Tokarczuk, known for her politically charged and genre-defying works, shifts Mann’s iconic sanatorium setting from Davos, Switzerland, to a lesser-known resort in the Silesian mountains of modern-day Poland. The novel, translated by Antonia Lloyd-Jones, follows Mieczyslaw Wojnicz, a young Polish man with tuberculosis, as he navigates the eerie and anachronistic world of Wilhelm Opitz’s Guesthouse for Gentlemen.
In The Empusium, Tokarczuk reworks Mann’s Enlightenment-driven narrative into a feminist noir that confronts the specter of history and the irrational forces lurking beneath the surface of modernity. The novel, written during the COVID-19 pandemic, reflects on the tension between health and history, as the sanatorium becomes a site of violent death and suppressed truths.
“The health resort was now the site of violent death,” Wojnicz observes early in the novel, setting the tone for a story that intertwines the personal and the political. The death of Opitz’s wife, Klara, serves as a catalyst for the unraveling of the resort’s facade, revealing the pervasive misogyny and irrationality of its male inhabitants.
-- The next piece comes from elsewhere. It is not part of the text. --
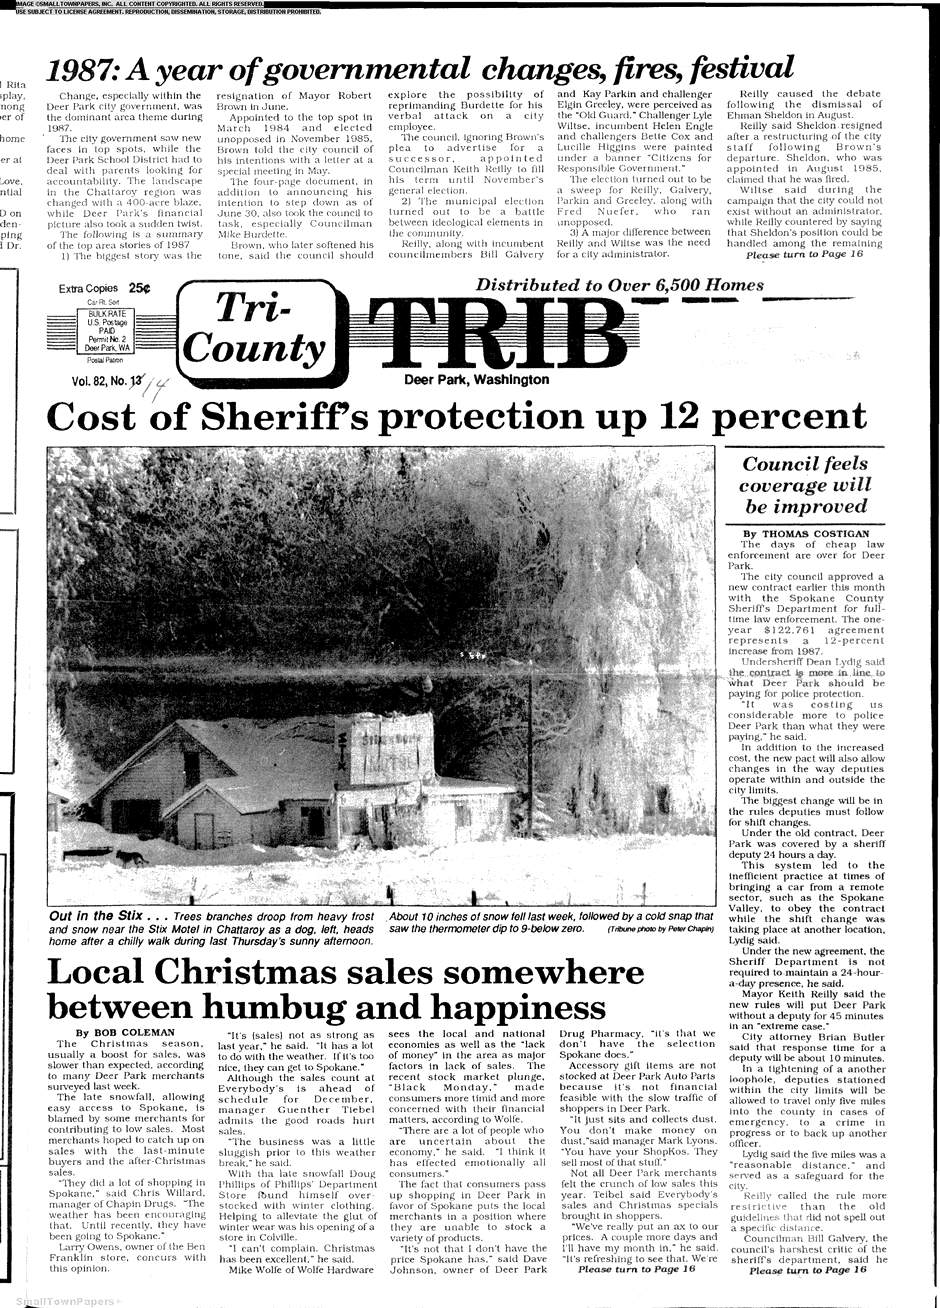 Tri-County Tribune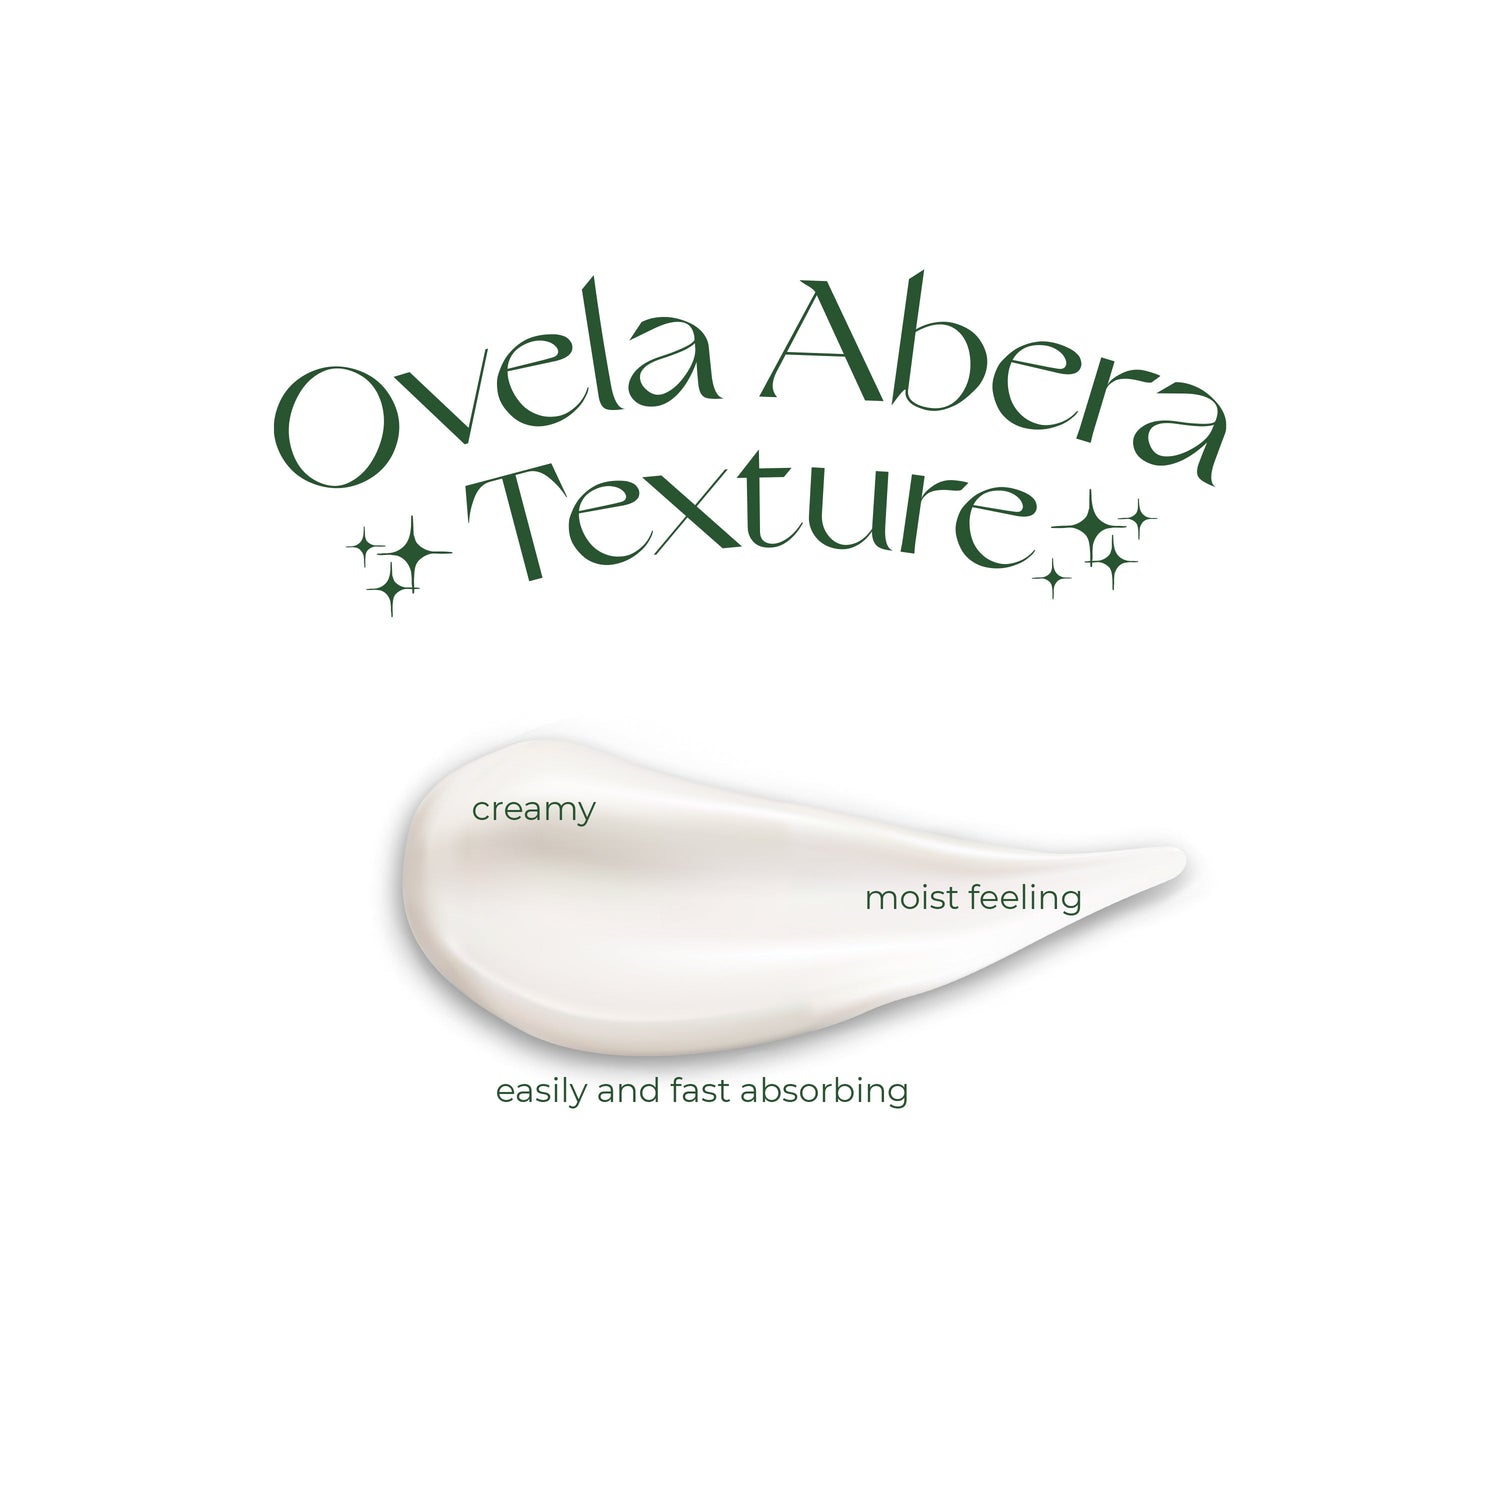 SUPER SALE 50% Stretch Mark Cream Ovela Abera - CS

Tokarczuk’s background as a clinical psychologist shines through in her exploration of the unconscious and the hidden realities of modern society. The novel’s detective-like narrative uncovers the suppressed voices of women and the irrational forces that defy Enlightenment rationality. “People should get used to the fact that they are being watched,” the novel’s fourth-person narrator remarks, reflecting Tokarczuk’s call for a new realism that captures the collective unconscious.
Set against the backdrop of Lower Silesia, a region with a tumultuous history of shifting borders and empires, The Empusium challenges the notion of the nation-state as a fixed entity. Tokarczuk’s use of language, influenced by the Galician writer Bruno Schulz, further blurs the lines between reality and fantasy, creating a narrative that is both evanescent and precise.
The novel’s conclusion sees Wojnicz leaving the sanatorium with a new identity, symbolizing the possibility of escape from the violent trajectories of history. Tokarczuk’s reimagining of Mann’s classic is both a homage and a subversion, offering a parable that sits like a “temperamental bolt of electricity” in the historical orbit of the European novel.